Exhibit 5.1
[Goodwin Procter LLP Letterhead]
August 31, 2020
DiamondRock Hospitality Company
2 Bethesda Metro Center, Suite 1400
Bethesda, Maryland 20814
Re: Securities Registered under Registration Statement on Form S-3
We have acted as counsel to you in connection with your filing of a Registration Statement on Form S-3 (File No. 333-226674) (as amended or supplemented, the “Registration Statement”) filed on August 18, 2018 with the Securities and Exchange Commission (the “Commission”) pursuant to the Securities Act of 1933, as amended (the “Securities Act”), relating to the registration of any combination of securities of the types specified therein by DiamondRock Hospitality Company, a Maryland corporation (the “Company”). The Registration Statement became effective upon filing with the Commission on August 18, 2018.
Reference is made to our opinion letter dated August 18, 2018 and included as Exhibit 5.1 to the Registration Statement. We are delivering this supplemental opinion letter in connection with the prospectus supplement (the “Prospectus Supplement”) filed on August 21, 2020 by the Company with the Commission pursuant to Rule 424 under the Securities Act. The Prospectus Supplement relates to the offering by the Company of up to 5,000,000 shares of the Company’s 8.250% Series A Cumulative Redeemable Preferred Stock, $0.01 par value per share, liquidation preference $25.00 per share (the “Shares”), covered by the Registration Statement. The Shares include an over-allotment option granted to the underwriters of the offering to purchase 600,000 Shares.
The Shares are being sold to the several underwriters named in, and pursuant to, the underwriting agreement, dated August 20, 2020, by and among the Company, DiamondRock Hospitality Limited Partnership, a Delaware limited partnership, and Wells Fargo Securities, LLC, as representative of the underwriters named in Schedule A thereto (the “Underwriting Agreement”).
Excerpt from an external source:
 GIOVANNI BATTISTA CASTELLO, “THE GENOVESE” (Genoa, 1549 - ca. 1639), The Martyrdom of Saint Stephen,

We have reviewed such documents and made such examination of law as we have deemed appropriate to give the opinion set forth below. We have relied, without independent verification, on certificates of public officials and, as to matters of fact material to the opinion set forth below, on certificates of officers of the Company.
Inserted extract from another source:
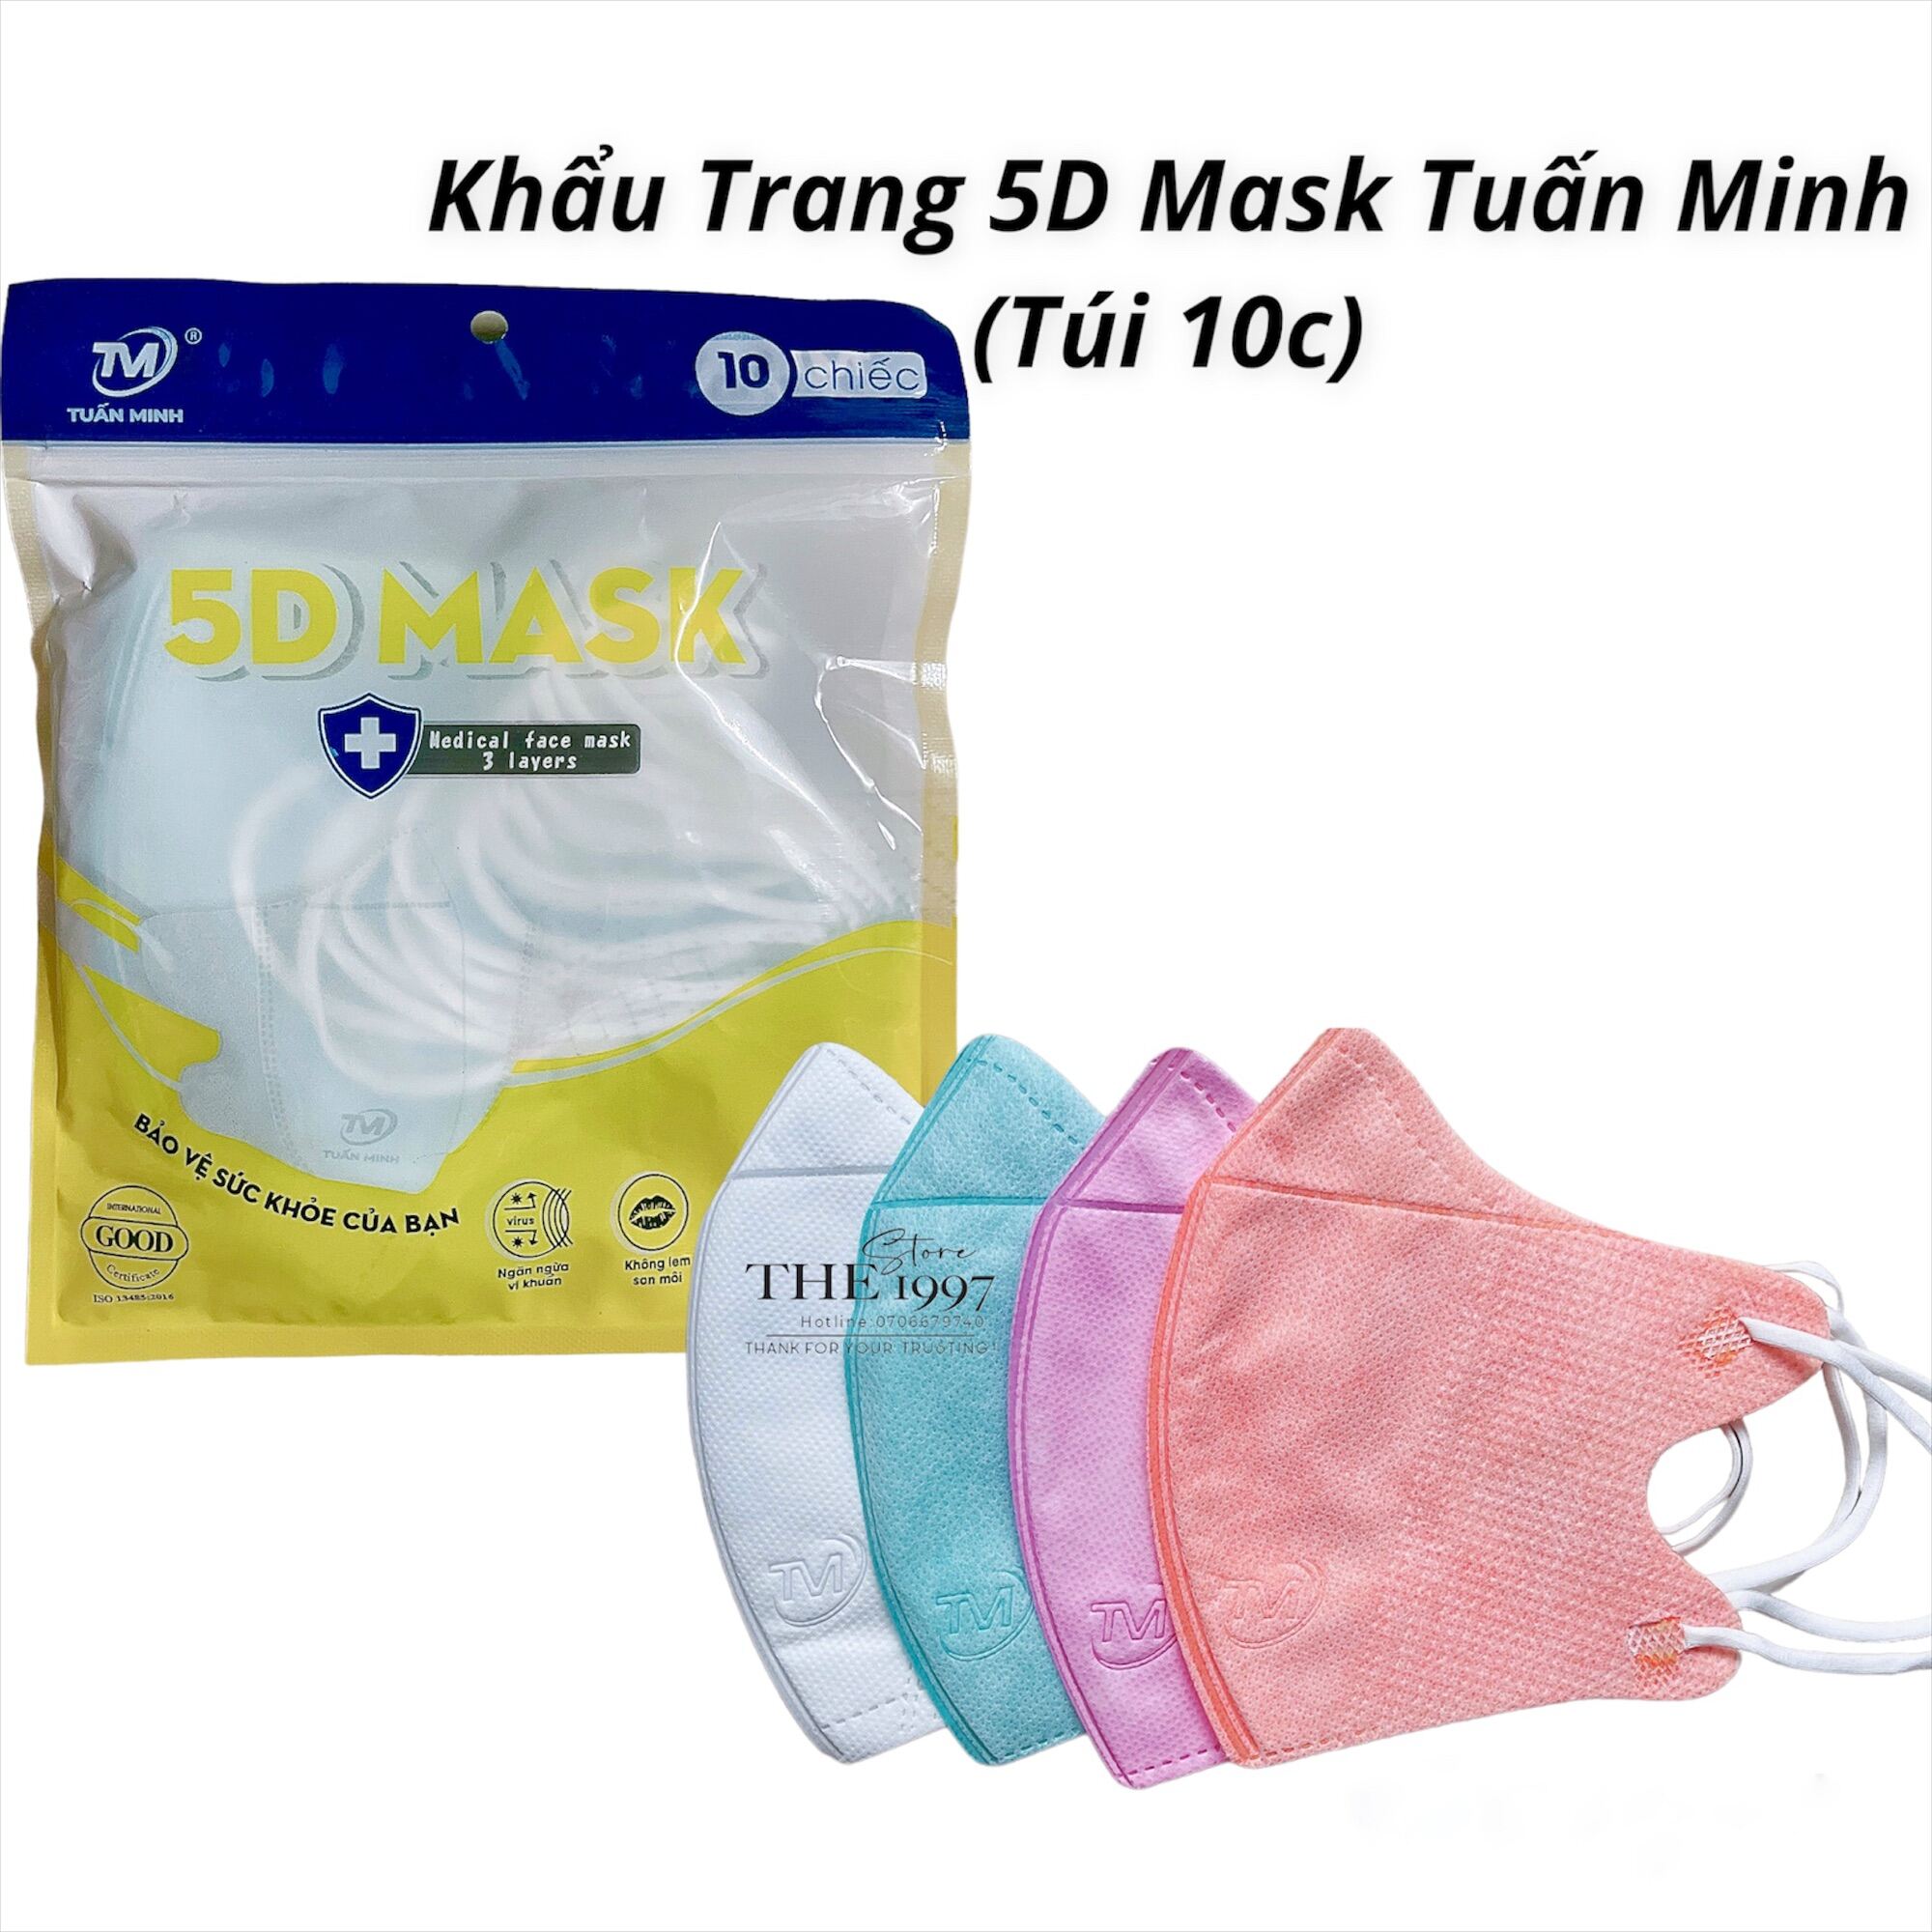 Khẩu trang 5D Mask Tuấn Minh Kháng Khuẩn Đủ Các Màu, thuộc công ty Tuấn Minh Túi 10 chiếc dày 3 lớp vải không dệt

The opinion set forth below is limited to the Maryland General Corporation Law.
DiamondRock Hospitality Company
August 31, 2020
Page 2
Based on the foregoing, we are of the opinion that the Shares have been duly authorized and, upon issuance and delivery against payment therefor in accordance with the terms of the Underwriting Agreement, the Shares will be validly issued, fully paid and nonassessable.
We hereby consent to the inclusion of this opinion as Exhibit 5.1 to the Company’s Current Report on Form 8-K filed with the Commission on August 31, 2020 which is incorporated by the reference into the Registration Statement and to the references to our firm under the caption “Legal Matters” in the Registration Statement and Prospectus Supplement. In giving our consent, we do not admit that we are in the category of persons whose consent is required under Section 7 of the Securities Act or the rules and regulations thereunder.